Background
With most web applications today, the number of simultaneous users
can greatly exceed the number of connections to the server. This is
because connections can be closed during the frequent pauses in the
conversation while the user reads the content or completes in a form.
Thousands of users can be served with hundreds of connections.

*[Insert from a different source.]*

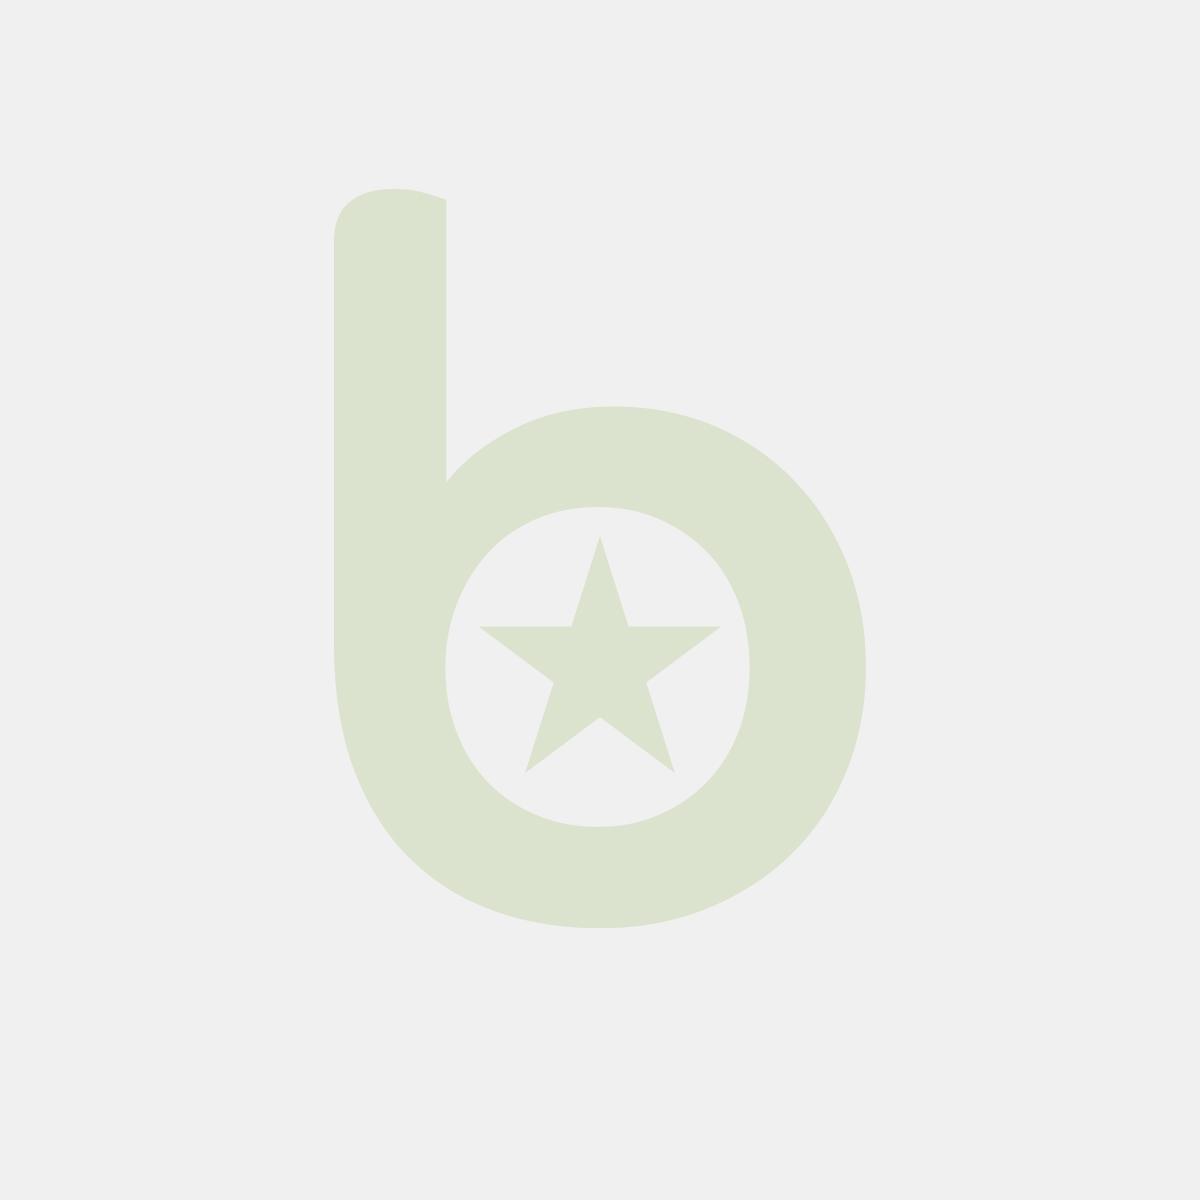 Tacka brązowa BURGER, FRYTKI 20x9x2,5cm TnG op. 100 sztuk

But AJAX based web applications have very different traffic profiles
to traditional webapps. While a user is filling out a form, AJAX
requests to the server will be asking for for entry validation and
completion support. While a user is reading content, AJAX requests may
be issued to asynchronously obtain new or updated content. Thus an AJAX
application needs a connection to the server almost continuously and it
is no longer the case that the number of simultaneous users can greatly
exceed the number of simultaneous TCP/IP connections.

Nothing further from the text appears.